● INSTRUCTIONS FOR THE TASK: Without any of the pictures, set down the data below exactly.

● SUPPLIED DATA:

◇ ◇ ◇ ◇ ◇

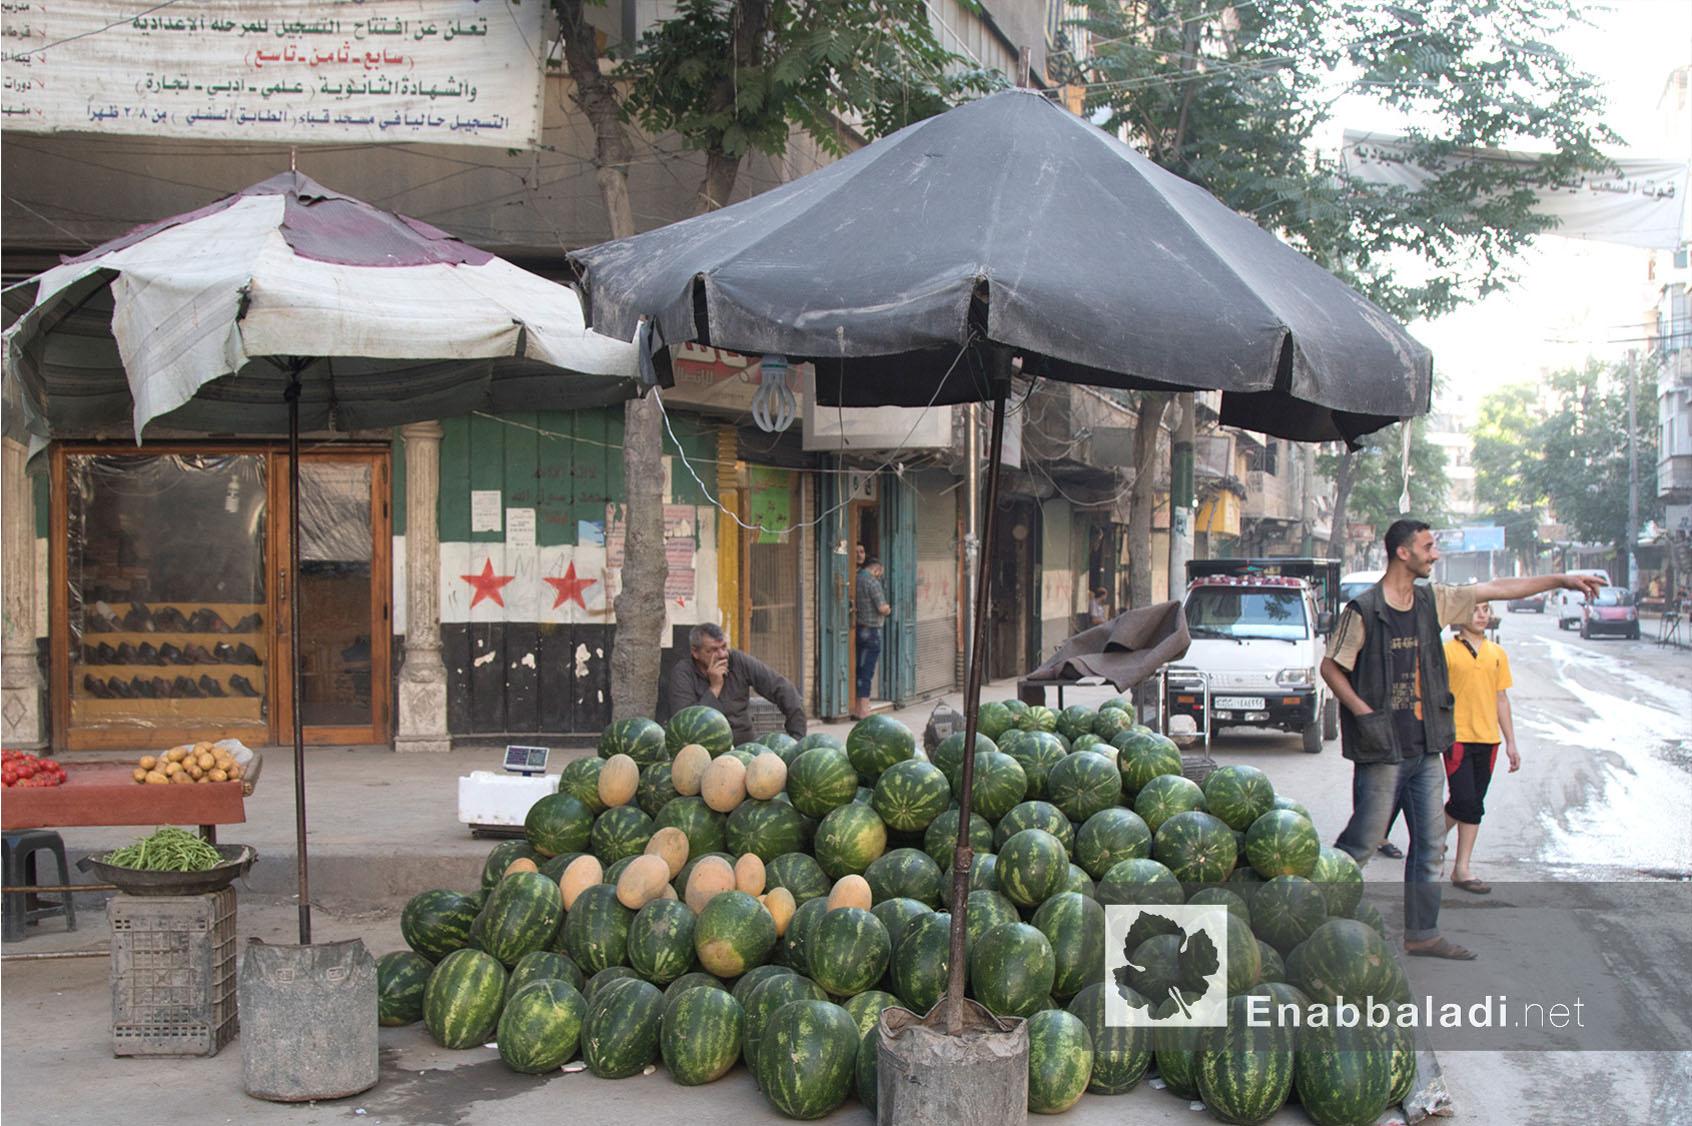 بسطة بطيخ في أحد أحياء حلب - 13 حزيران 2016 - (عنب بلدي)
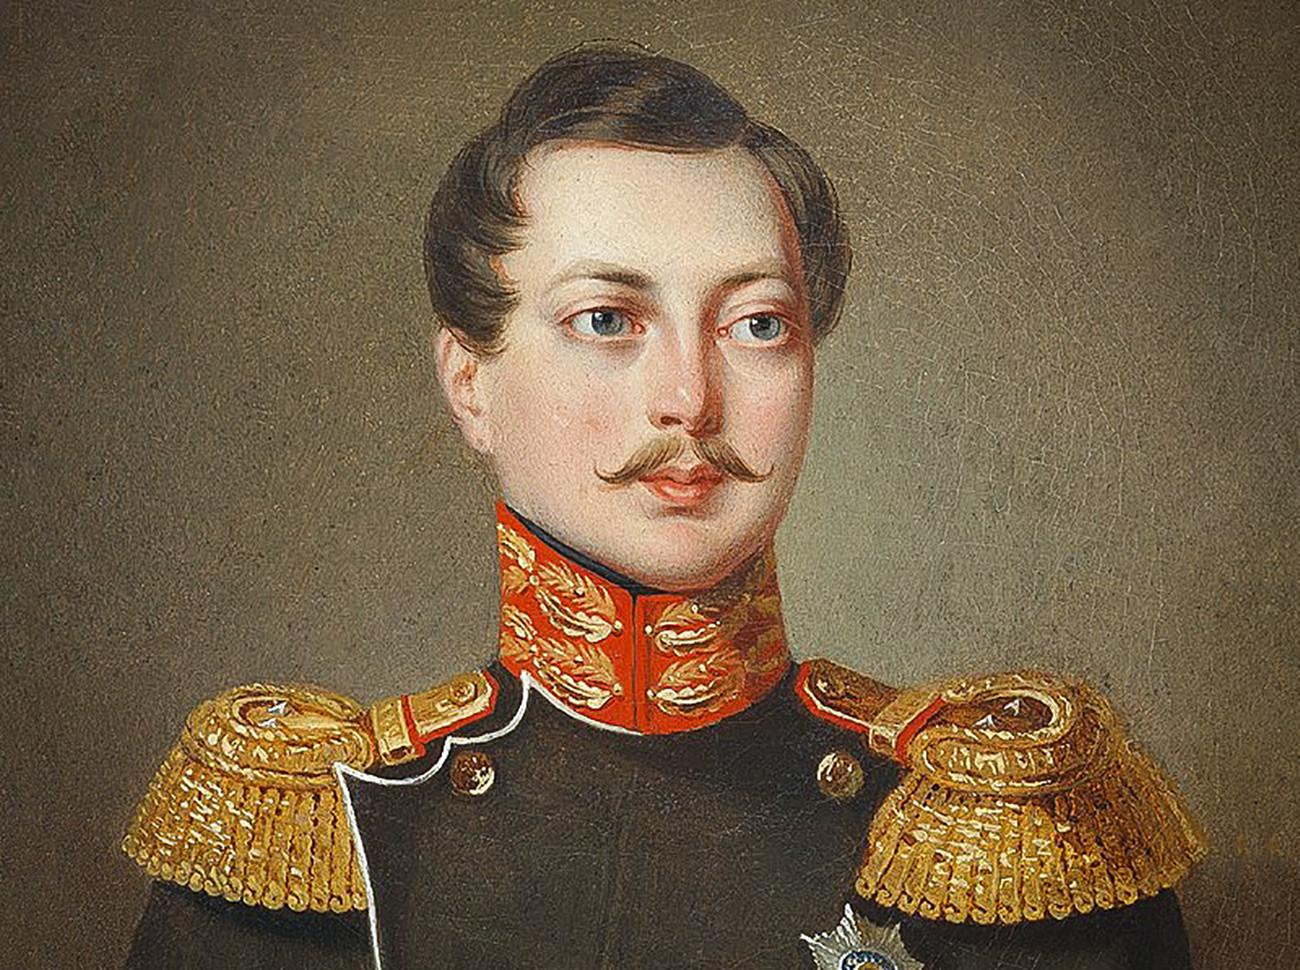 ロシア皇太子のアレクサンドル・ニコラエヴィチ、未来の皇帝アレクサンドル2世
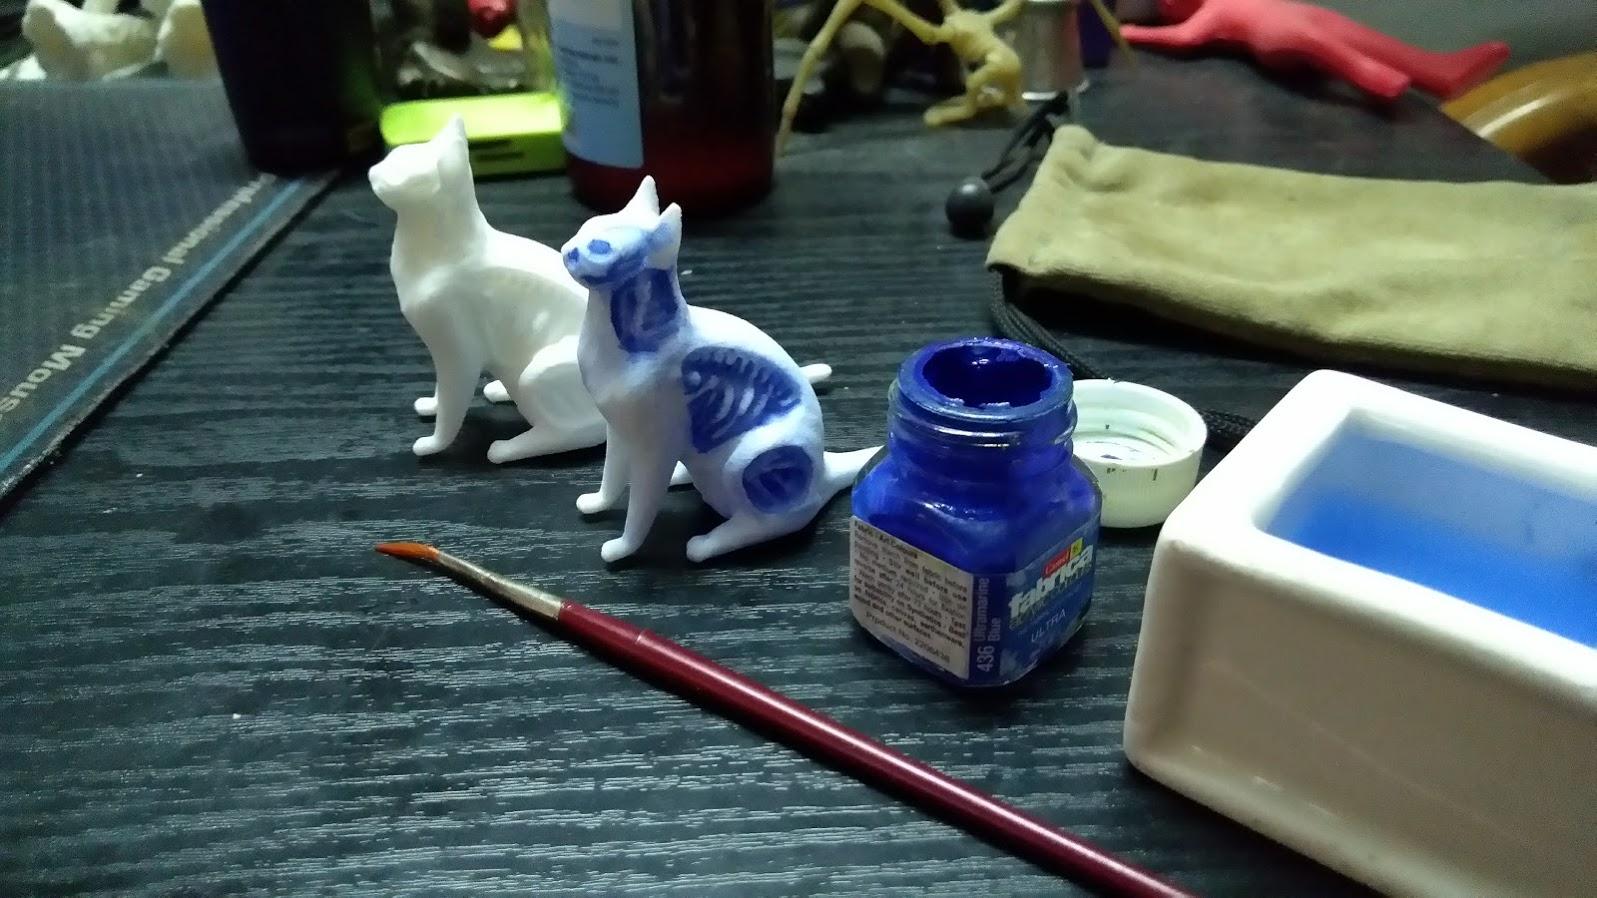 Undead Cat 3d Print Painted by chaitanyak

◇ ◇ ◇ ◇ ◇

● ANSWER AREA:
 بسطة بطيخ في أحد أحياء حلب - 13 حزيران 2016 - (عنب بلدي)
 ロシア皇太子のアレクサンドル・ニコラエヴィチ、未来の皇帝アレクサンドル2世
 Undead Cat 3d Print Painted by chaitanyak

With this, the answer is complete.